When the pilot and his mechanic, Prévot, go down in Libya, they do not know exactly where they are, beyond the fact that they are too far from the Mediterranean Sea to reach it on foot. They then begin walking eastward, across endless sand. After three days they see mirages—images that look like fortresses and patches of vegetation that turn out to be the shadows of cumulus clouds. Eventually, they return to their plane where they stave off thirst by capturing morning dew on parachute strips. The desert days are hot, but the nights are cold. When they again set forth on foot, they encounter Arabs who lead them to safety. Their desert experience teaches them that they have the courage and resourcefulness to survive hard conditions and that even this lonely and inhospitable place supports people who, though alien in speech, garb, and customs, possess great human kindness.

*Barcelona

*Barcelona. Spanish port city near the Pyrenees, the mountains that separate France and Spain, that the pilot visits during the midst of the Spanish Civil War. From the air, the city’s wartime damage looks minimal; however, on the ground the pilot sees the war’s true devastation in the once-beautiful city, within which many people are still going about their daily business. He concludes that civil war is a “disease” afflicting the participants, whether communists, anarchists, or fascists.

*Madrid

*Madrid. Spain’s capital city, which to the author seems like a ship loaded with humanity that an enemy intends to sink. He witnesses a bombing of the city that kills and mutilates innocent civilians but also fortifies the citizens’ will to endure.

*Andes

*Andes. South American mountain range where the pilot almost crashes during a strong downdraft near the coast of Argentina. From this experience he learns why some accidents occur in the mountains even when visibility is not obstructed by fog or rain. However, he himself does not crash because a sudden reversal of the wind sends him back high into the air. Then a cyclonic wind blows him out to sea. In a matter of a few minutes, he is carried, against his will, high over mountains, through a deep valley, and out over a rough Atlantic Ocean. Such a struggle against the elements, he discovers, can temporarily rob a person even of sensation.

*Punta Arenas

*Punta Arenas (poon-tah ah-ray-nahs). Town in northern Chile on whose central square the pilot spends an evening observing people and musing about not only the solitariness he feels as a stranger but also about the isolation of human beings generally, of the difficulty of entering the world of any other person.

Bibliography

Cate, Curtis. Antoine de Saint-Exupéry. New York: Putnam, 1970. Contains many informative details and is well written. Portrays Saint-Exupéry as an eccentric figure. This voluminous work serves as an excellent starting place.

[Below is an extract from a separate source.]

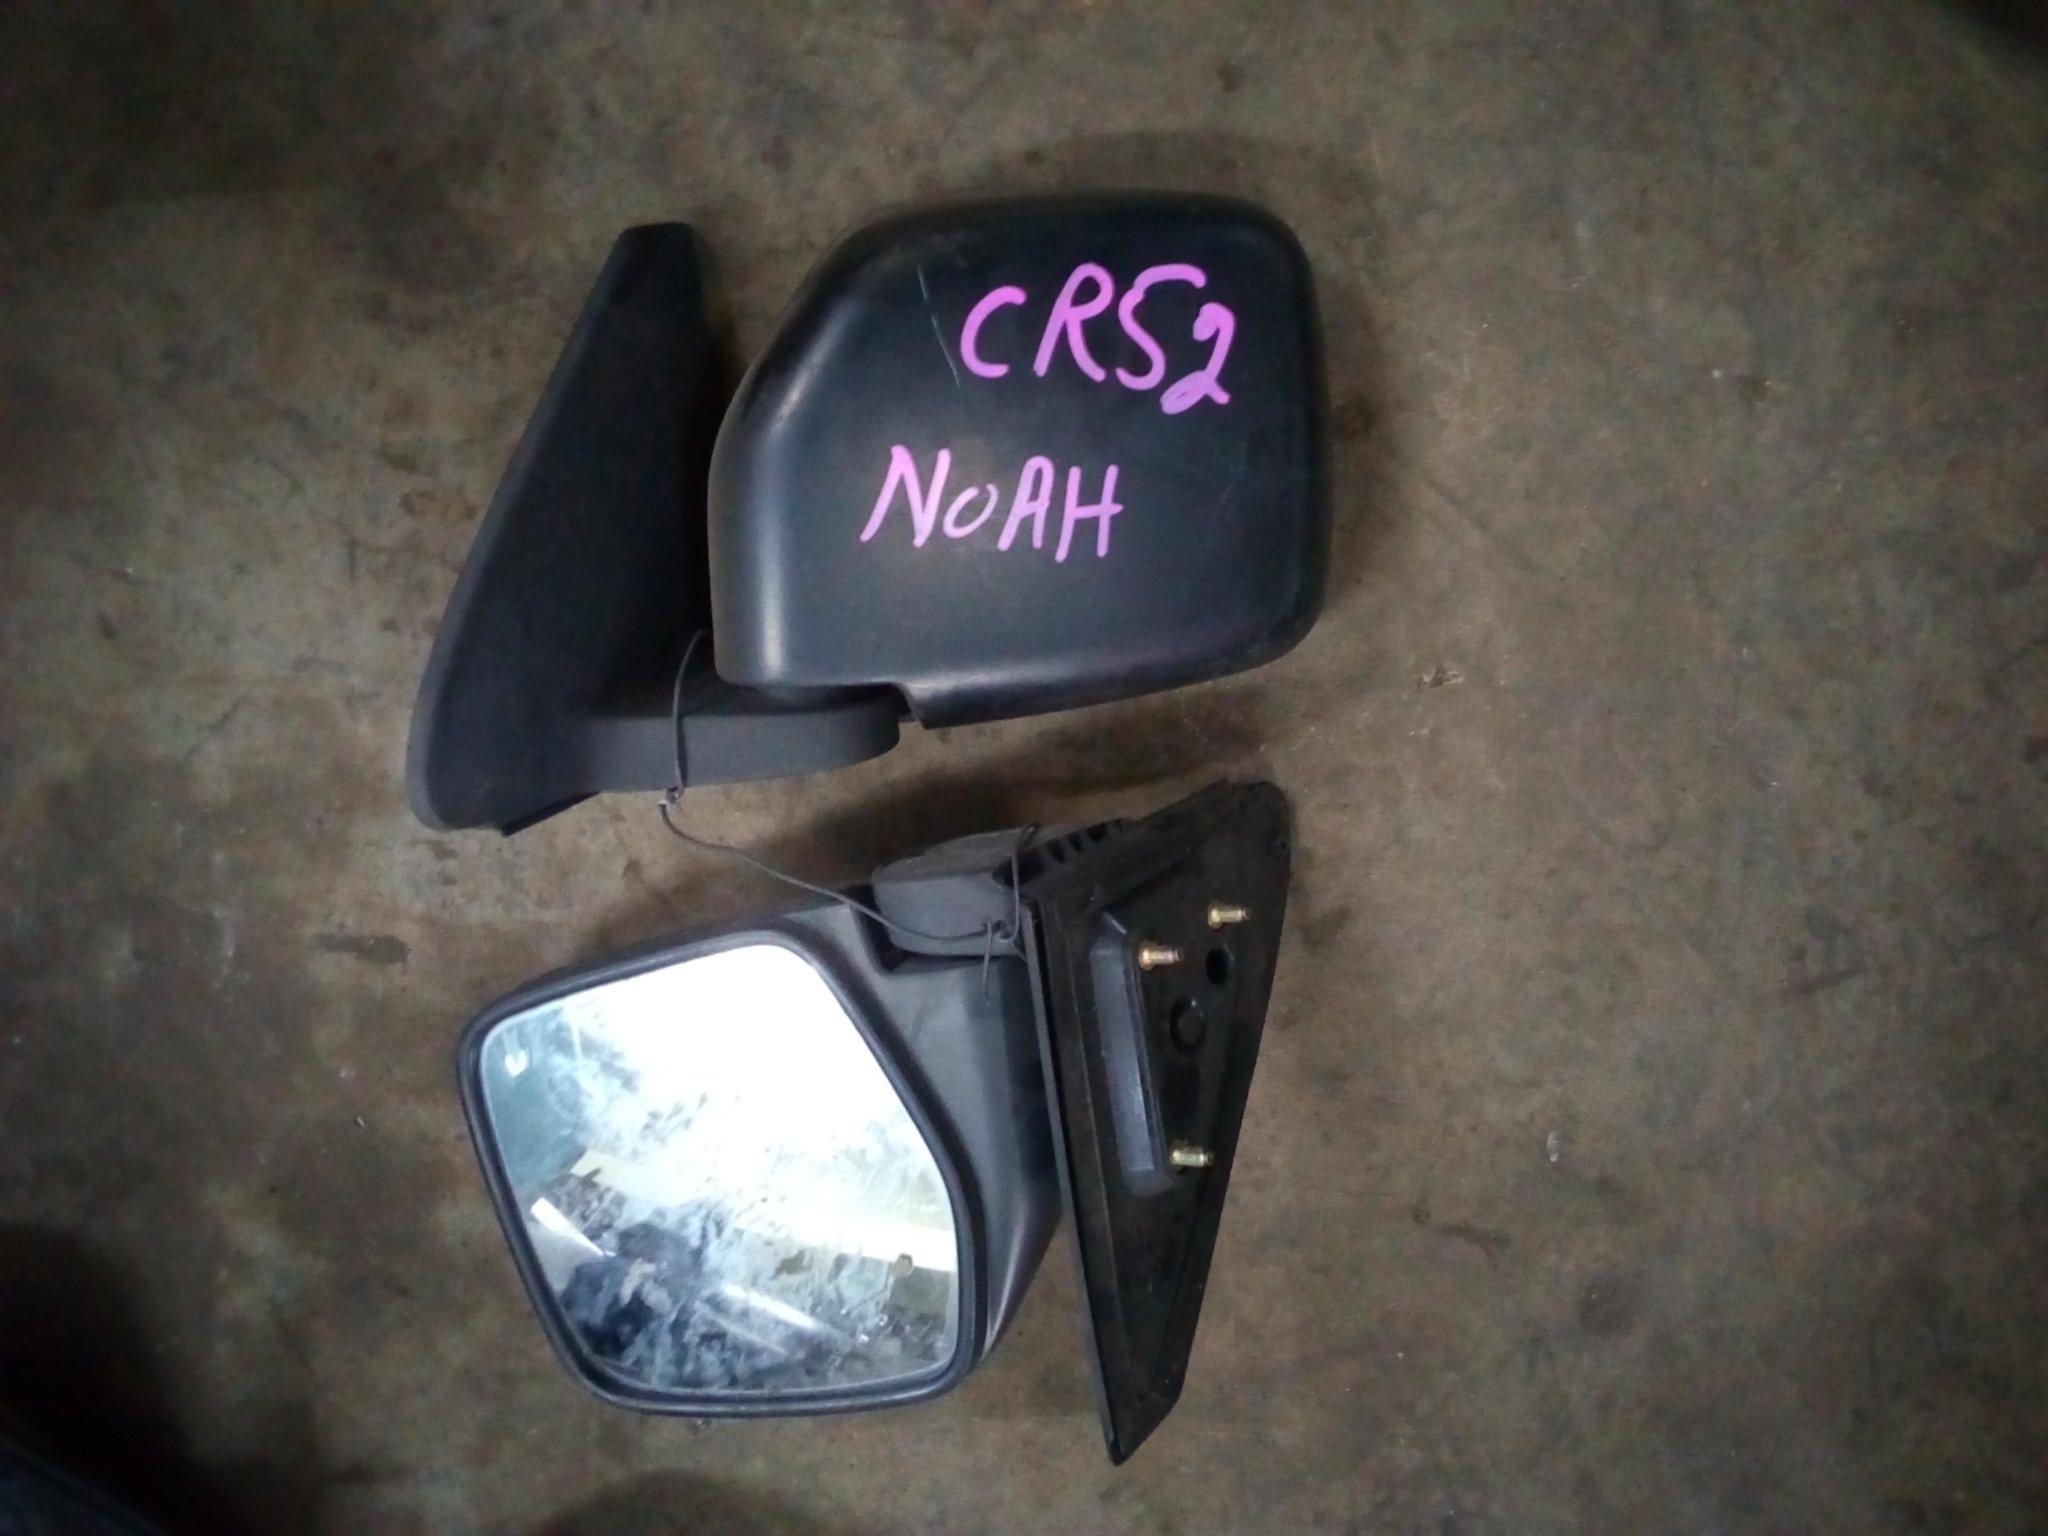 Toyota Noah CR52 side mirror alsy009

Galantière, Lewis. “Antoine de Saint-Exupéry.” Atlantic Monthly 179, no. 4 (April, 1947): 133-141. Galantière, who translated Wind, Sand, and Stars, discusses such aesthetic aspects of Saint-Exupéry’s writing as his philosophy of art and the influences on his development.

Migeo, Marcel. Saint-Exupéry. Paris: Flammarion, 1958. An interesting, reliable account of Saint-Exupéry’s life by someone who knew Saint-Exupéry during his military service. Migeo is mainly concerned with Saint-Exupéry’s personal life, but he also examines the role the author’s experiences as a pilot in the French military played in forming his theories of art.

Peyre, Henre. “The French Novel at Mid-century.” New Republic 129, no. 6 (September 7, 1953): 16-17. Useful for a literary analysis of Saint-Exupéry’s work. Provides a critical evaluation of Saint-Exupéry’s novels and places the author in the tradition of contemporary French novels.

Robinson, Joy D. Marie. Antoine de Saint-Exupéry. Boston: Twayne, 1984. Explores the philosophies and themes that underlie all Saint-Exupéry’s works. The study is enriched by the extensive use of biographical material. Includes a chronology and a selected bibliography of English and French sources. Essential for any literary discussion of Saint-Exupéry.